# Help for Brain Lara Cricket 2007



## Sathish (Jun 13, 2008)

Hi friends,

recently  i installed BLC 2007, and i confused about keyboard control.
i dont know the keyboard controls of batting and bowling.
the games also dont have any detailed settings on keyboard control.

anyone plzz tell about all keyboard controls of batting and bowling...


----------



## desiibond (Jun 13, 2008)

Take a coaching mode first.


----------



## the great one (Jun 13, 2008)

This is really a bad game frm codemaster , even after the fielding restrictions are over the AI of the game does not adjust the fielding even if u are scoring 10 runs per over...
any patch available for correcting this problem........


----------



## Sathish (Jun 14, 2008)

desiibond said:


> Take a coaching mode first.




Coaching Mode does not clearly mention exact keyboard contorl for every shot.. 
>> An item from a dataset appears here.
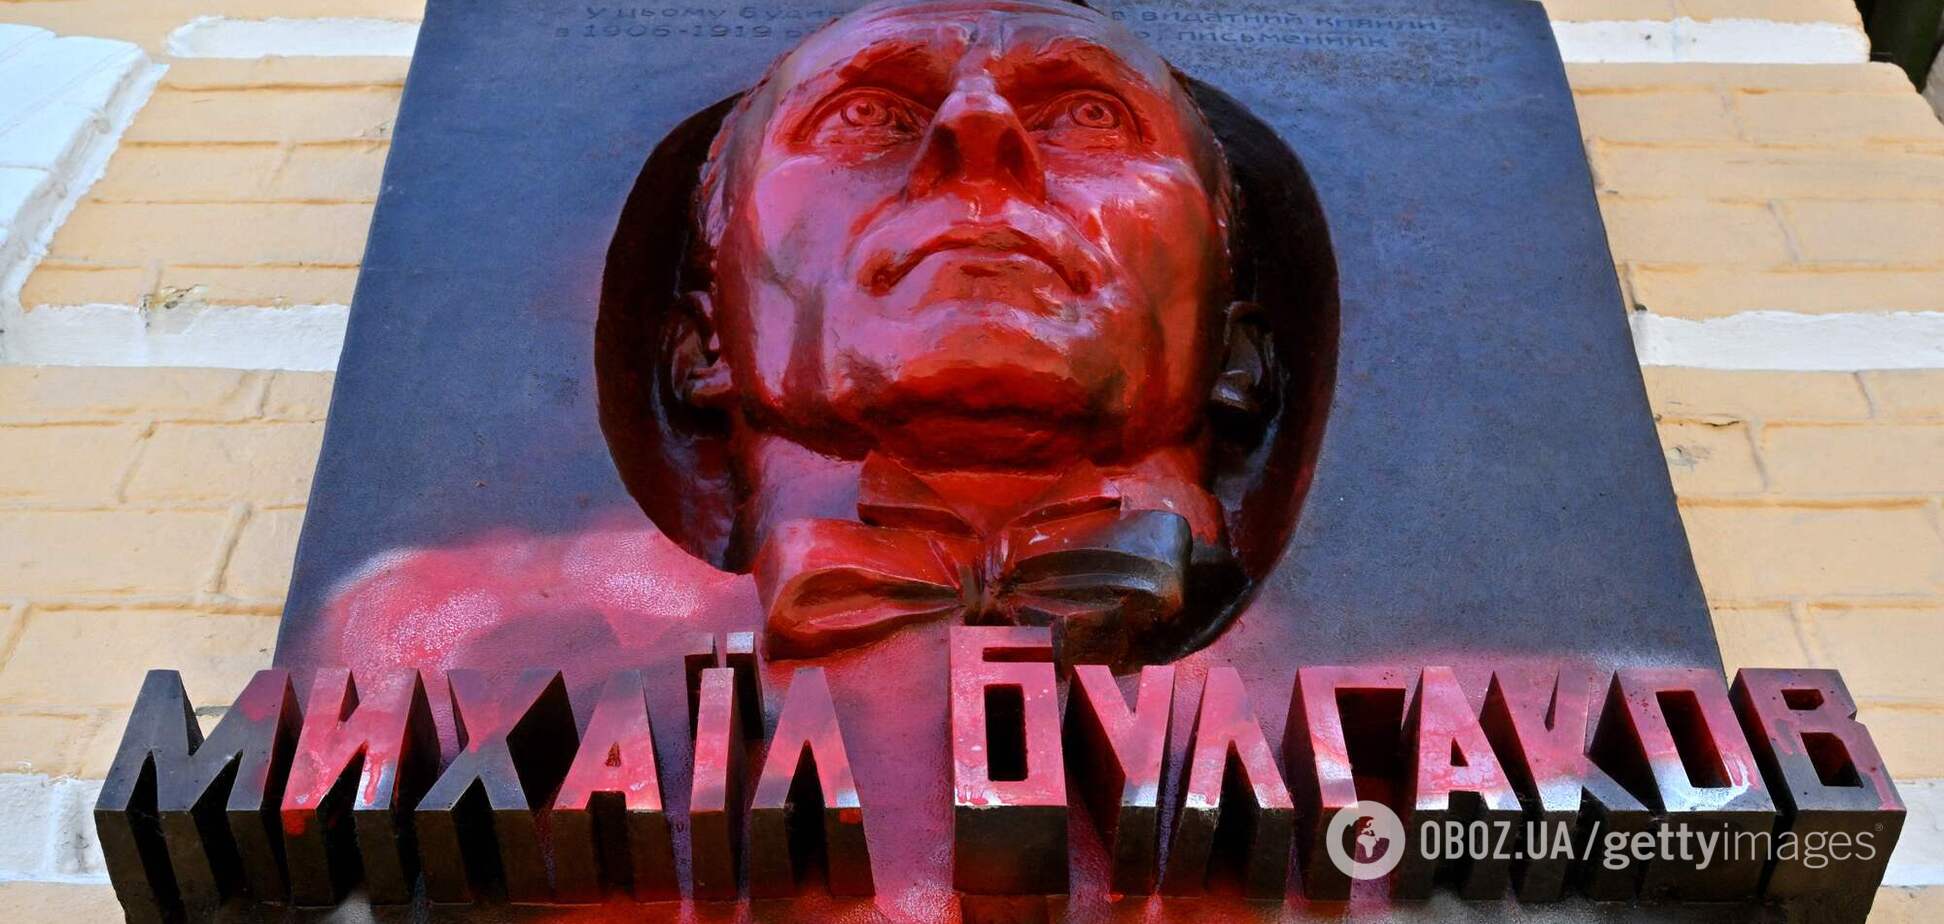 Інститут національної пам'яті визнав Михайла Булгакова символом російської імперської політики, а пам'ятники йому – пропагандою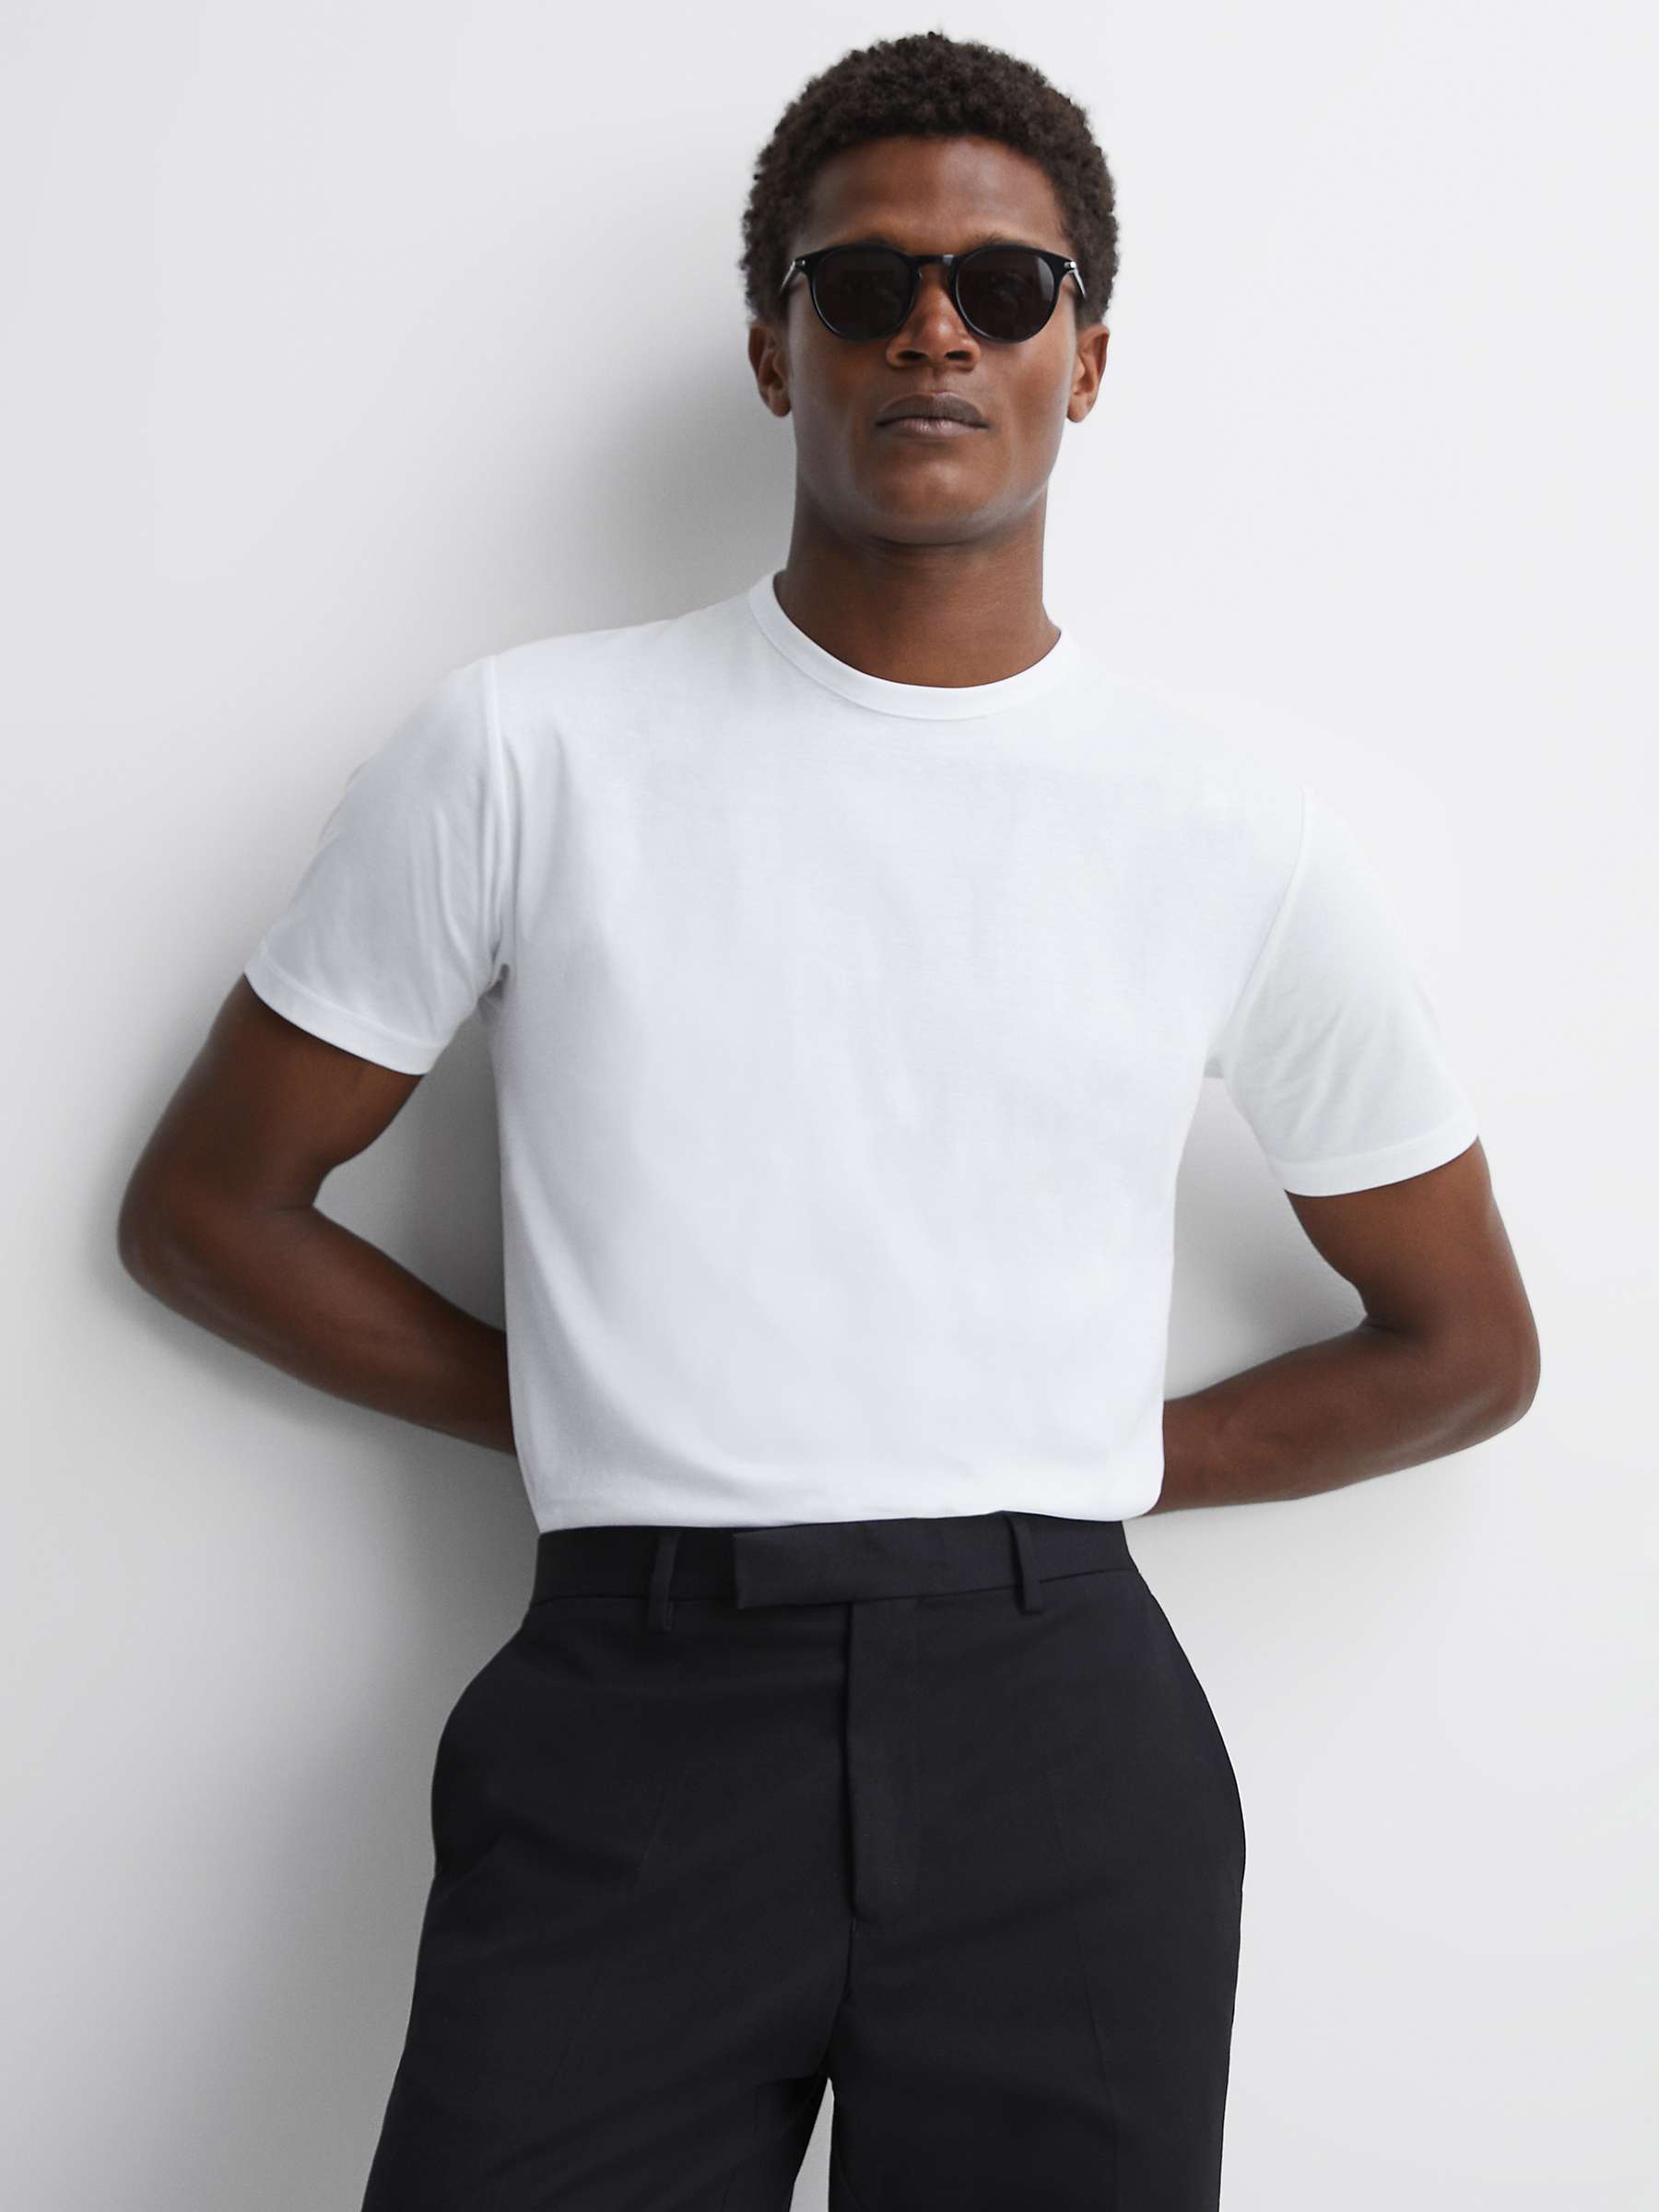 Buy Reiss Capri Slim Fit T-Shirt Online at johnlewis.com

Any other manual or refernces from Codemasters>


----------



## dheeraj_kumar (Jun 14, 2008)

Check www.gamefaqs.com


----------



## amrawtanshx (Jun 14, 2008)

the great one said:


> This is really a bad game frm codemaster , even after the fielding restrictions are over the AI of the game does not adjust the fielding even if u are scoring 10 runs per over...
> any patch available for correcting this problem........



Ya...It is....Though no patch available.....Very slow game....Thats why I prefer EA Cri 07 for its faster gameplay...

Even if they adjust their field...gaps are still available..And u can hit over their head


----------